The Rule About Cutting Mould Off Hard Cheese With A Generous Margin Is The Only Generous Thing This Generation Has Ever Done And It Is For Cheese

Photography of a half-eaten block of hard yellow cheese with green mould, kitchen counter, harsh fluorescent light, bleak still life, overhead composition

Australia wastes 2.5 million tonnes of food yearly, and boomers want a parade because they're willing to share a parmesan wheel with a fungus. I'm disgusted.

Australians bin 2.5 million tonnes of food a year β€” roughly nineteen seconds of additional warming per soft cheese consumed β€” and the one act of mercy boomers can point to is sparing a parmesan rind with a "generous margin."

Generous.
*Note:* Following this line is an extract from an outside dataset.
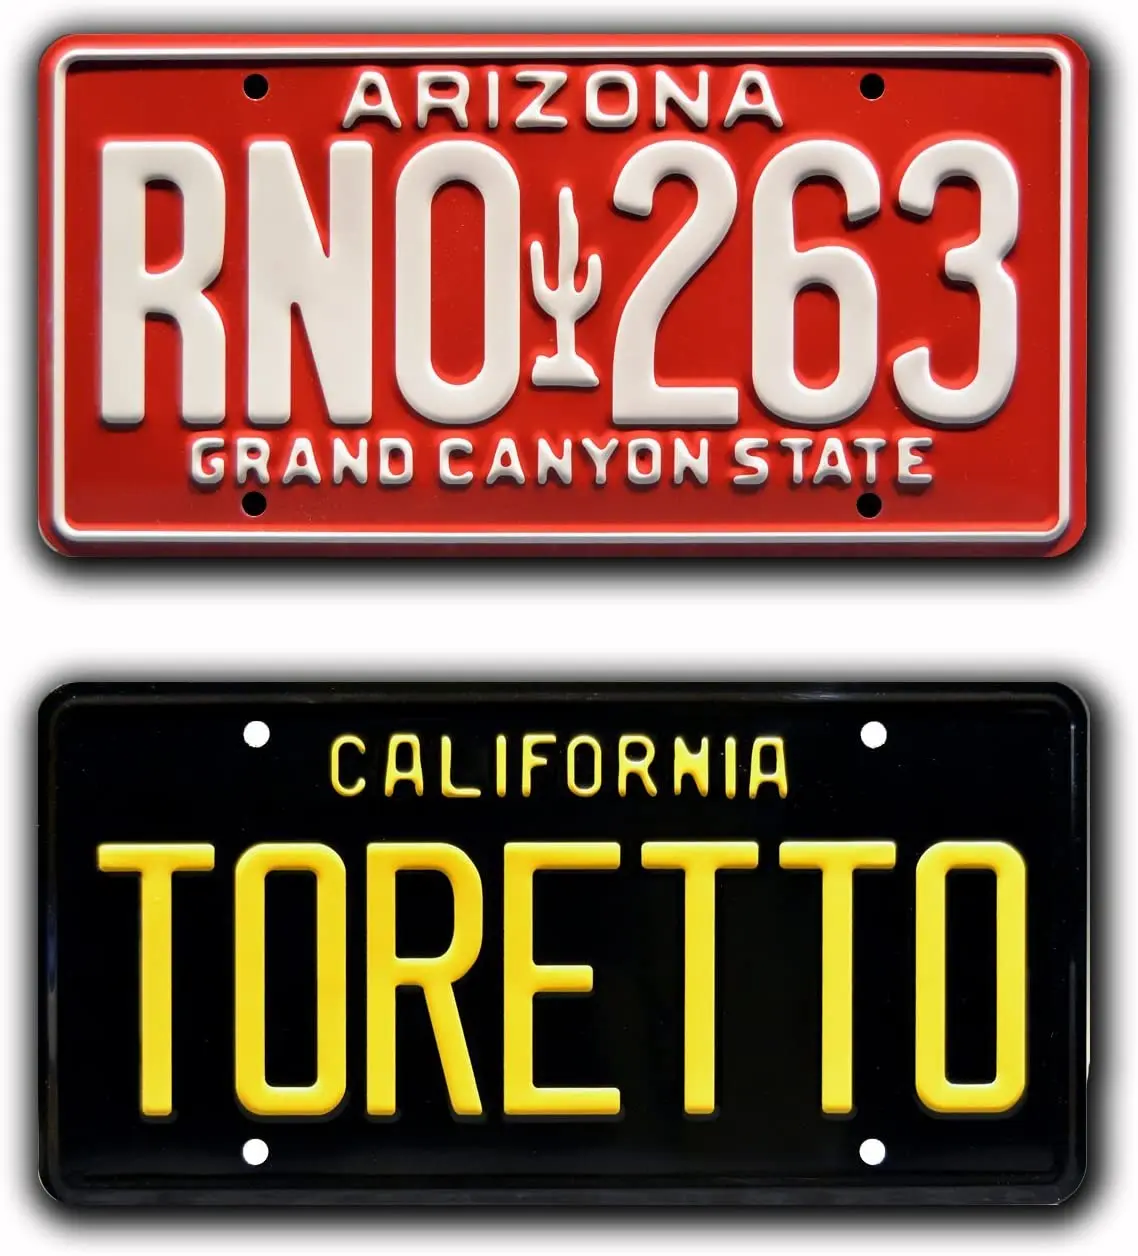 

Celebrity Machines Fast & Furious | Toretto + RNO 263 | Metal License Plates 1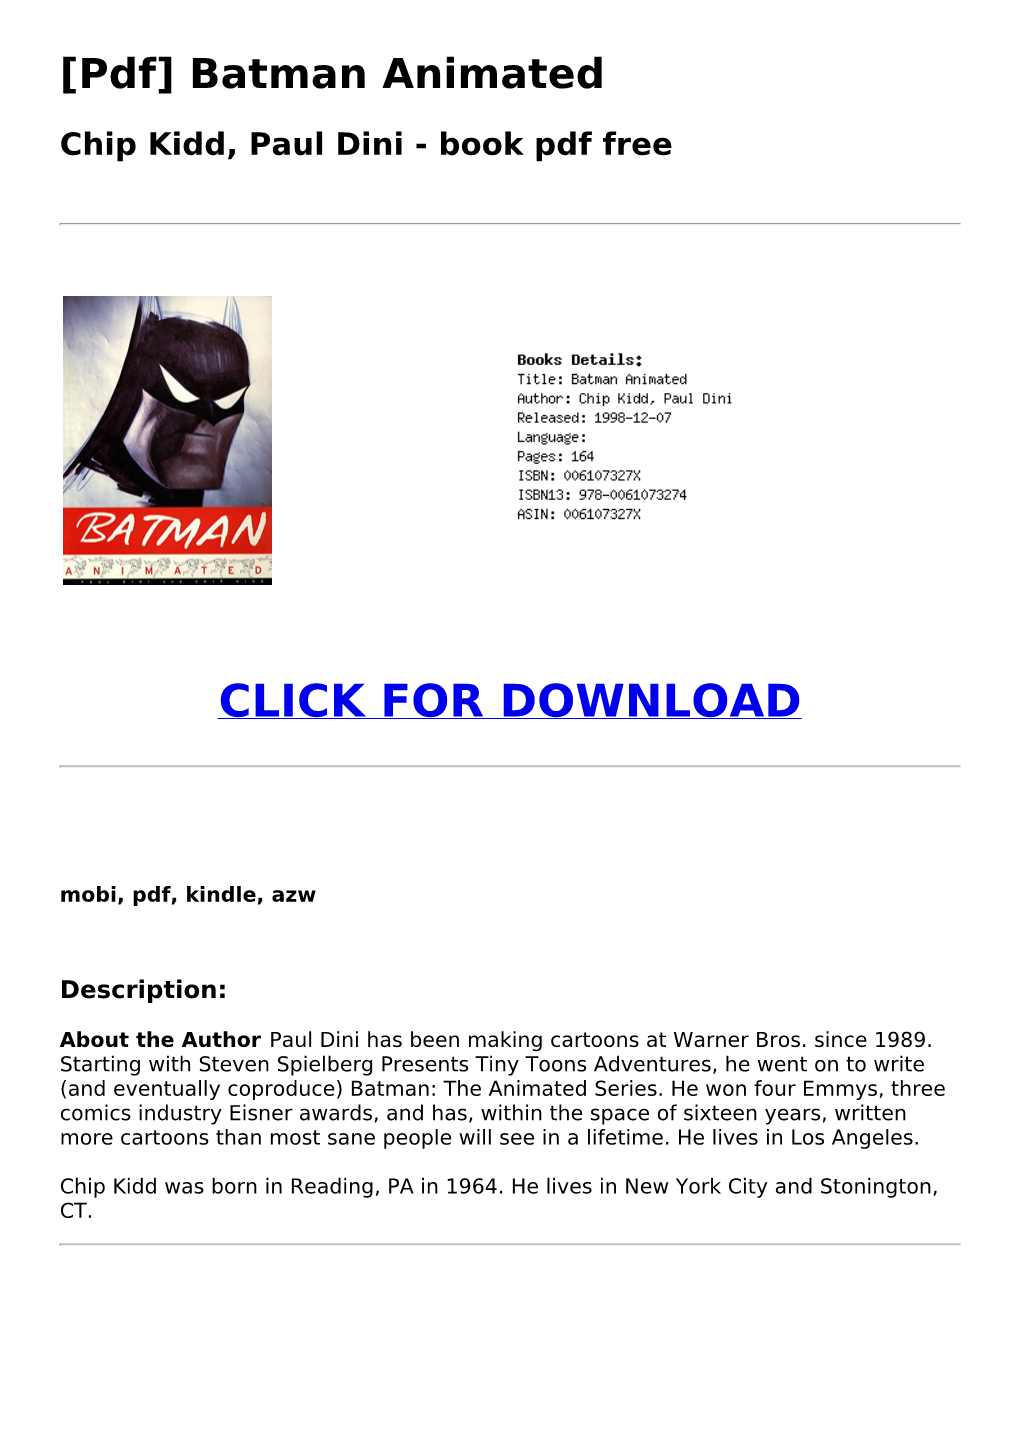 &lt;3660C20&gt; [Pdf] Batman Animated Chip Kidd, Paul Dini

To cheese.

Meanwhile dark bananas leak ethylene gas onto the fresh ones like a tiny personal methane plant on every countertop. My nan keeps hers in a fruit bowl with apples, Linda, you are running a refinery.

Emma Beckett at Australian Catholic University lists the signs: mould, slime, leaking liquid, sour smell. That's also the kitchen Linda left me when she went on her cruise.

The margin around the mould is wider than the margin she gave my generation. It is for cheese.

Based on the original article "The 4 Key Signs You Should Chuck Old Food, According to Science".